Materials provided:
****************************************
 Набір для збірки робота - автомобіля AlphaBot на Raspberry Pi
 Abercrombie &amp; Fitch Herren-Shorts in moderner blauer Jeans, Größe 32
****************************************
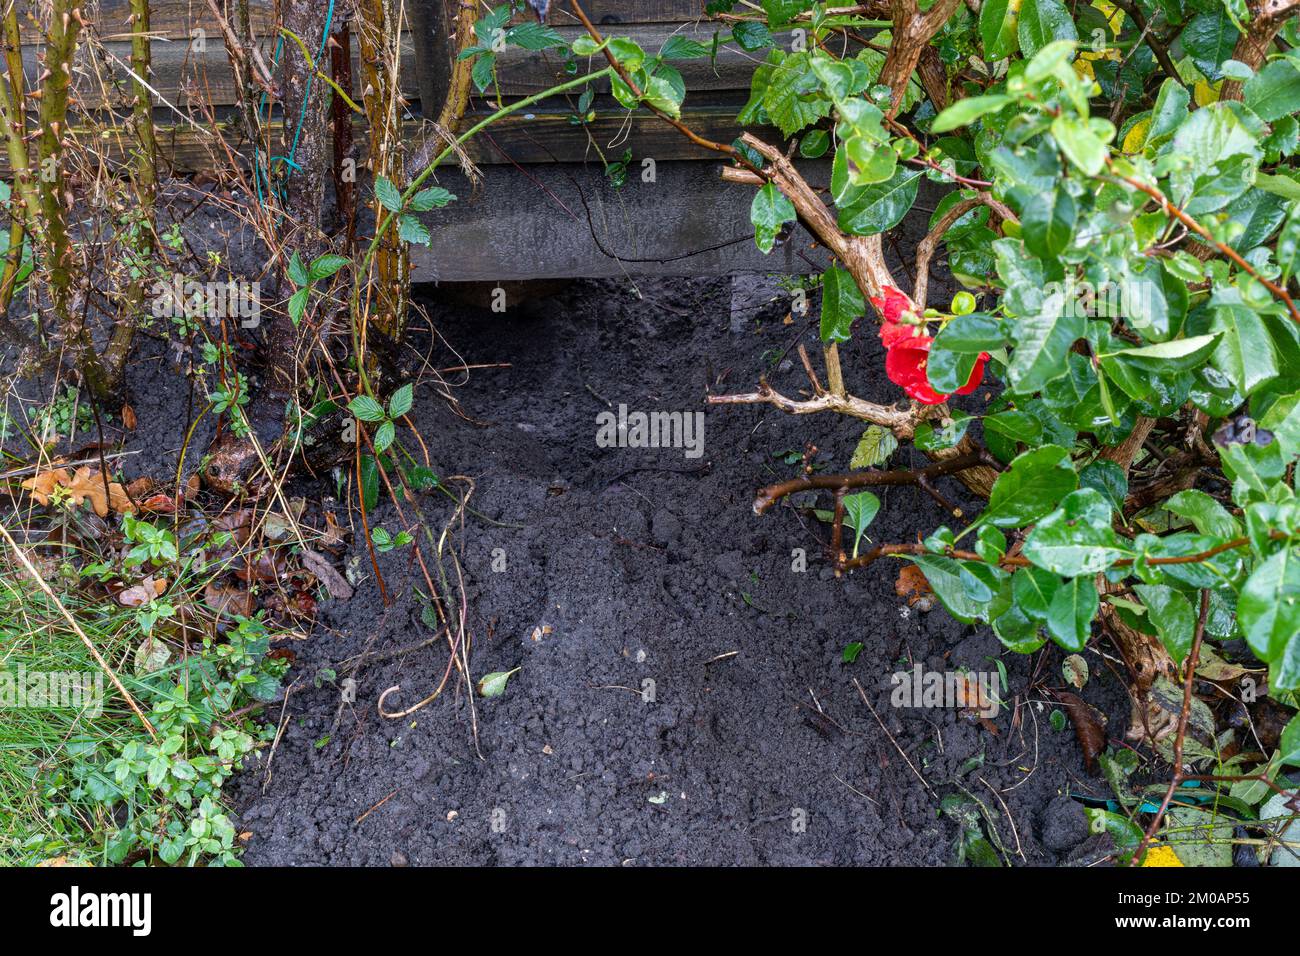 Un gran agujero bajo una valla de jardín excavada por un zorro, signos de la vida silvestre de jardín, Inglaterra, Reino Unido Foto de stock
****************************************
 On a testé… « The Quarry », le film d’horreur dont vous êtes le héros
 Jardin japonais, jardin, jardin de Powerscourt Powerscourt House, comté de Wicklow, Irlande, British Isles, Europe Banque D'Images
****************************************
About this task: Reproduce exactly the lines above from the line with "Набір для збірки" to the line with "Abercrombie &amp; Fitch", including both, and add nothing.

Answer to this exercise:
 Набір для збірки робота - автомобіля AlphaBot на Raspberry Pi
 Abercrombie &amp; Fitch Herren-Shorts in moderner blauer Jeans, Größe 32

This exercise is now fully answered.